Has Generative AI solved our cognitive labour problems? – Decoding ChatGPT
By Anishka Prasad – Head of Strategy & Operations – Future VC
AI has fascinated us for decades now. Moreover, recent developmental strides with ChatGPT’s release last year in November, have provoked various schools of thought and gotten many thinking of the endless possibilities that AI may have in store for us. Satya Nadella from Microsoft, gave a rather philanthropic and anecdotal example of ChatGPT’s potential recently on Wall Street Journal, noting its revolutionary technology to be serving farmers in rural India, solving local council application issues for them, and so on.
On the other hand, it has also made technical sceptics question whether ChatGPT was yet another over-hyped and somewhat pretentious piece of tech that does not go beyond advance pattern matching and recognition when answering search requests. Additionally, bringing into question the potential adverse ethical impact it may have on society, operating in an unregulated environment and the risk of certain security breaches and irreversible mishaps as a result.
So, what is ChatGPT & why is it trending in Generative AI?
ChatGPT is a form of Generative AI which promises its users ‘limitless’ search requests, and to a convincing extent delivers advanced search requests solved by pretrained language and pattern recognition. The idea is that a user can ask ChatGPT answers for literally anything, and it (ChatGPT) delivers to the best of its advance pattern recognition capabilities. Hence, the patterns that is relying upon dictates the accuracy of responses, not necessarily meaning that the responses would make sense or reason as a human would. Given this, many have concluded that the fine-tuned GPT-3.5 still has its limits, and often fails to reason upon human auditing.
It’s also important to understand that these challenges are inevitable, as it’s heavily reliant on datasets, both trained and sourced from the internet. Since its training dataset is sourced from the internet, it is possible that the training data will overlap with some of the testing datasets, causing glitches in results.
Having said that, challenges aside, it’s still a peak into Generative AI’s future and potential. Especially after the new ChatGPT’s release leading to a further $10 billion funding by Microsoft into OpenAI, making more room for innovation.
Unit Economics – Is ChatGPT the end of Google?
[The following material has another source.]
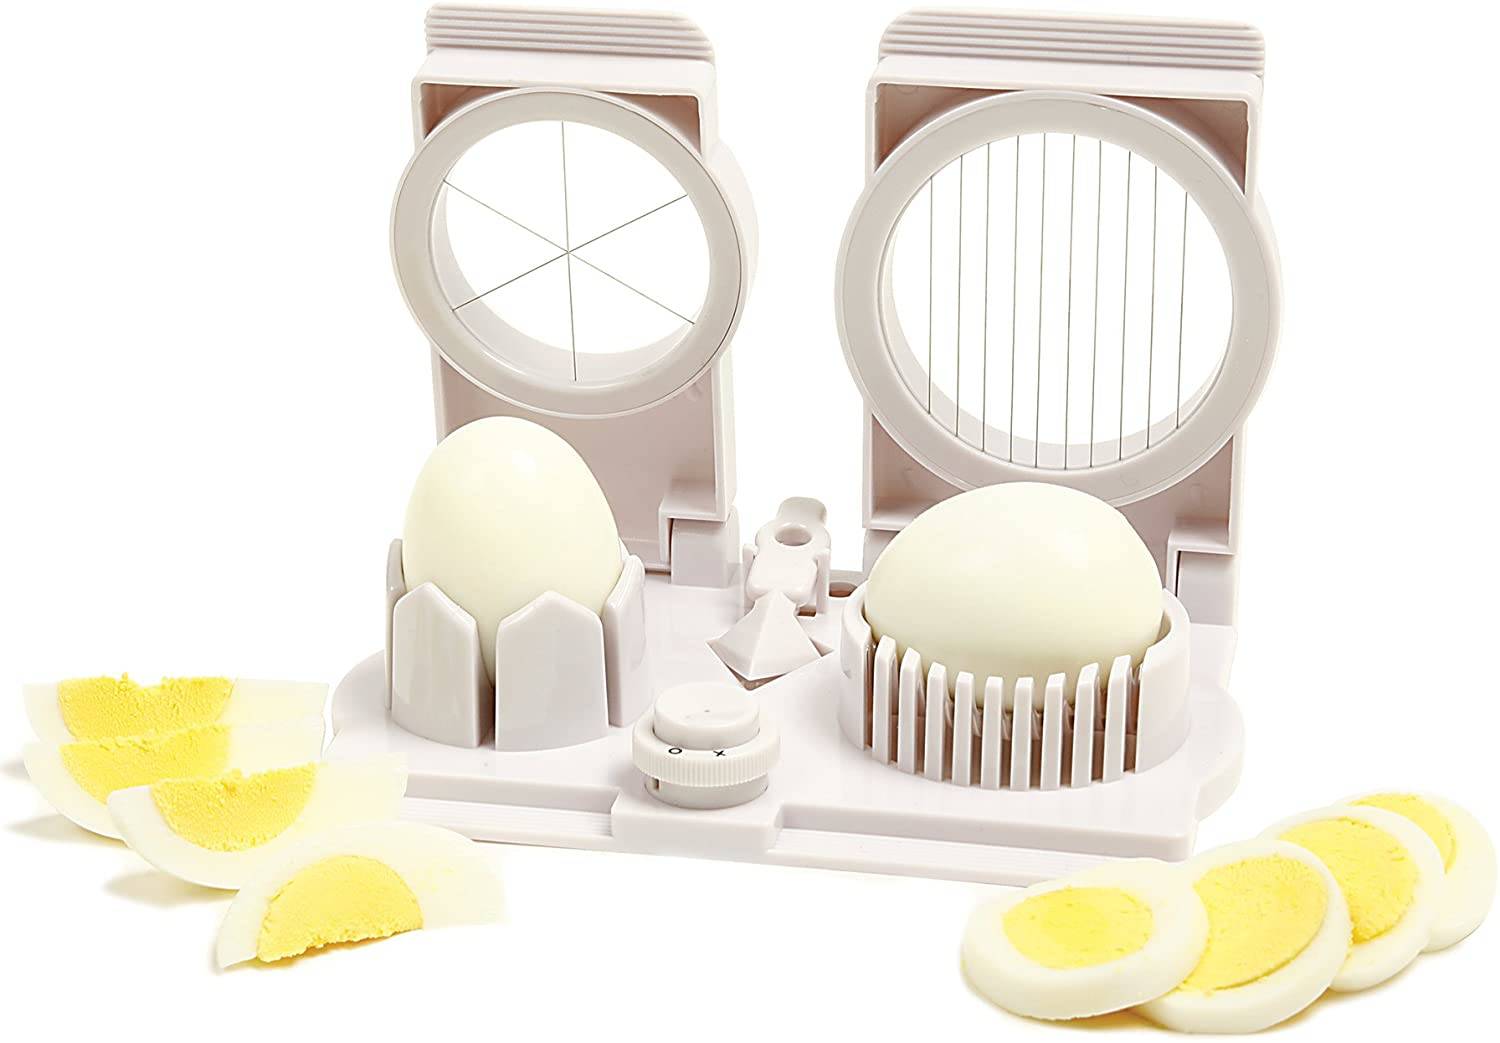 Egg Slicer Dicer For Hard Boiled Eggs Stainless Steel Blades Cutter Tool  With Rotating Base Multifunction Kitchen Creative Gadge - AliExpress

Although billions in funding ambitious projects from OpenAI might sound like a recipe for success and leaps forward for generative AI, such an investment is not exempt from startup challenges of making a free and accessible product premium and commercially successful. As mentioned in Tech Crunch:
From an average user’s perspective, and for comparison’s sake, currently 1 AI answer = costs 10x to 100x web/Google search. According to Sam Altman, the founder of OpenAI, the cost of one search is in single digit cents. If we ran with 5 cents per search as a rule of thumb, and Google carries out 8.5 billion searches per day, we’re looking at a cost of $425 million per day currently, for running a platform as such. Furthermore, getting into technicalities of the unit economics for running a language model like ChatGPT-3, here is the pricing for the AI Model Studio service on a four-node CS-2 cluster when training a GPT-3 run from scratch:
Essentially, the costs of running such as a system efficiently and making it accessible on hardware devices such as our mobile phones, are still challenges yet to be figured out. Currently, the platform will not be able to perform at an unlimited frequency of search requests and cater billions of search requests, as the unit economics of running these searches for free will not be viable commercially.
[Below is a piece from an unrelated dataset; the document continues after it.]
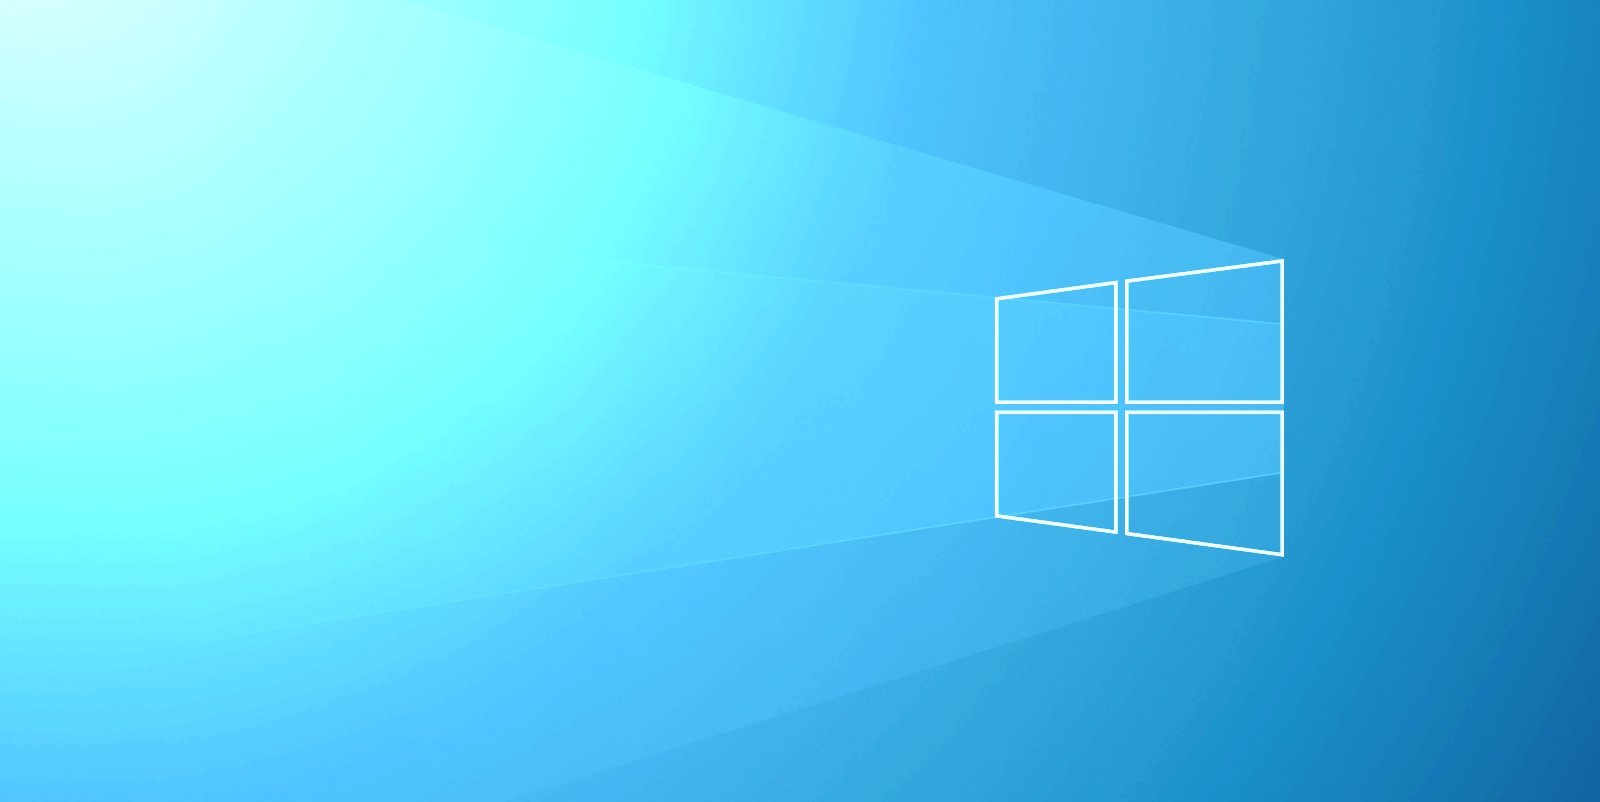 Windows 10 gaming issues fixed in KB5004296 — How to download

What does Generative AI mean for B2B SaaS?
From an optimist’s view however, the world of B2B SaaS and certain sectors serving large professional clients such as fintech, healthtech and lawtech can benefit greatly with this leap of AI breakthrough. Mainly, as automation of certain functionalities can develop beyond simplistic API plugins and founding teams of early-stage start-ups will be able to incorporate elements of tools accessible via OpenAI to expediate their innovative visions.
Specifically, the biggest leap of advancement in AI going forward for B2B SaaS, and other companies will be the ability of companies to build models on top of the existing infrastructure of products from likes of OpenAI. Meaning, less time and capital will be spent on creating foundational infrastructure for complexed AI models which were major road blocks in the recent past. Also, being able to lean on the existing infrastructure, while continuing to build proprietary layers of technology that is unique to each project. This will mean that several AI startups will verticalize and fine tune language models with more ease to optimize their platform’s functionality.
Disclaimer: This blog was not written via ChatGPT.